山本は、白い三つのラインに特別なデザインを施しているわけではない。ジャケットの身頃に特徴的な配置しているわけではないし、ラインが蛇行しているわけでもない。スリーストライプスは、トップスの袖の側面とパンツの側面にプリントされていた。非常にオーソドックスな配置で、それが「古さ」を感じた理由だった。
今ではジャージを「トラックスーツ」と呼ぶことは珍しくなくない。だが、Y-3が見せたスリーストライプスのデザインは、ジャージが「トラックスーツ」ではなく、「ジャージ」と呼ばれていた時代のデザインを、現代的解釈で取り入れて作ることはせず、当時の服のまま現在に持ってきたものに見えた。そんな古さが、私にとっては非常に新鮮だった。
過去の服からインスパイアされ、新しい服をデザインすることは王道の手法だ。その際、過去の服をそのまま再現するのではなく、現代的な解釈で、今の時代に合うデザインに調整する。
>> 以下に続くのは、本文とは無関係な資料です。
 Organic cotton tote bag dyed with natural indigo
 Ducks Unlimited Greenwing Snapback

たとえば、1990年代ではスリムなシルエットだった3つボタンジャケットを、2023年の今なら厚い肩パッドを入れ、ドロップショルダーのオーバーサイズで作るといった具合に、現代ファッションのエッセンスを過去の服と融合させる。そうすることで、古さは新しさを獲得し、現代にマッチする服へと生まれ変わる。
だが、私は山本のデザインしたスリーストライプスのアイテムには、現代的解釈の新しさを感じなかった。
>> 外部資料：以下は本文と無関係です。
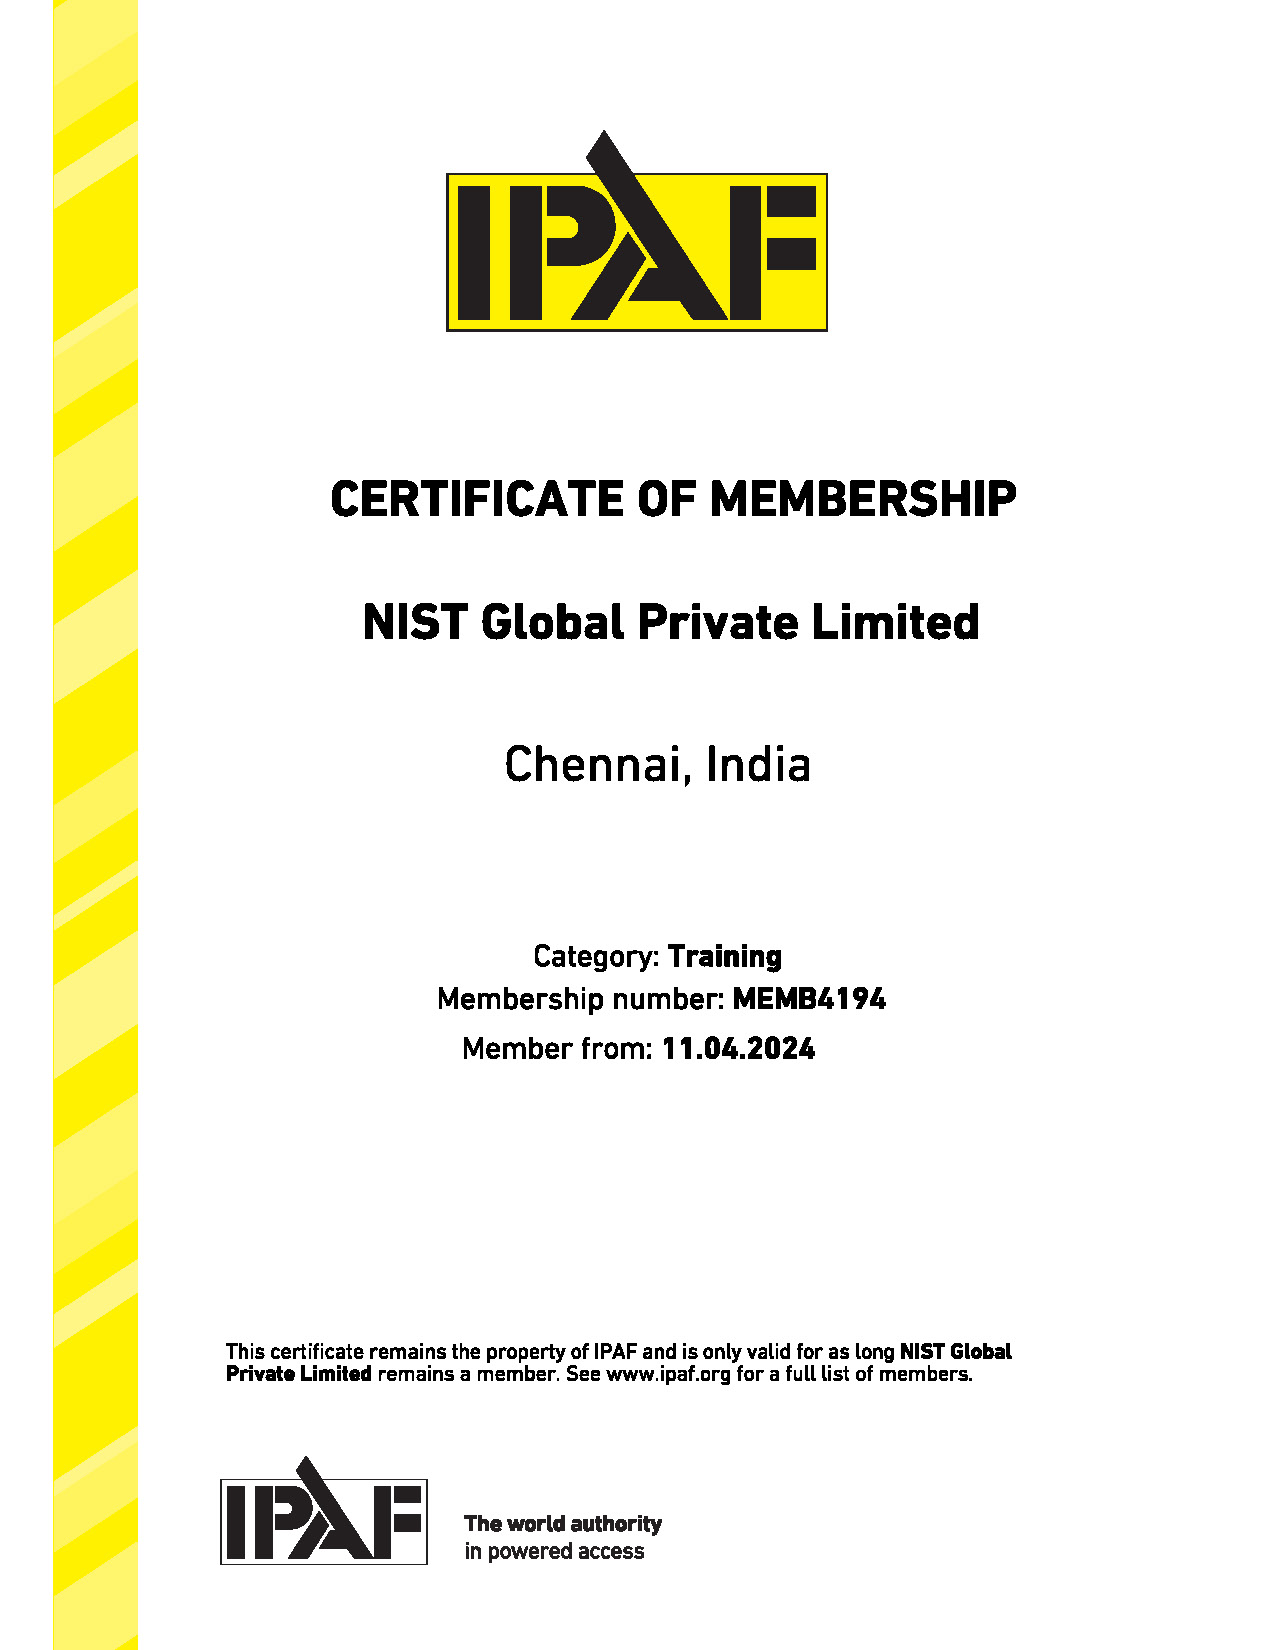 IPAF-certificate

「手を加える必要がどこにある?このままでいいじゃないか」
山本がそう語りかけてくるようなデザインなのだ。
私は「スリーストライプス」と言うことにも違和感を感じ始める。この言い方はあまりにオシャレすぎる。オシャレワードは似合わない。「3本線」と呼ぶのが最もふさわしい。山本が見せてくれたのは、中学生の時に体育館で着ていた白い3本線の黒いジャージだった。
厳密に言えば、先ほど述べた通り、今コレクションで発表された服は山本の天才的カッティングが施され、デザイン性が非常に強い。しかし、アナログな白い3本線の存在感はモードの匂いを薄くさせるほどに強く、私は昔見たジャージをどうしても思い出してしまう。
過去の服を過去のままに発表して、新しい服とする。これはマルタン・マルジェラ(Martin Margiela)の手法であり、そこだけを見れば今回のY-3は先端的だったわけではない。しかし、山本は過去の服を過去のままに発表したのではなく、シルエットにモードな味付けを大胆に加えながらも、古さを古いまま表現することに成功した。これは、マルジェラ文脈の更新だ。
新しくないことが新しい。マエストロはまたもモードの歴史に喧嘩を売る。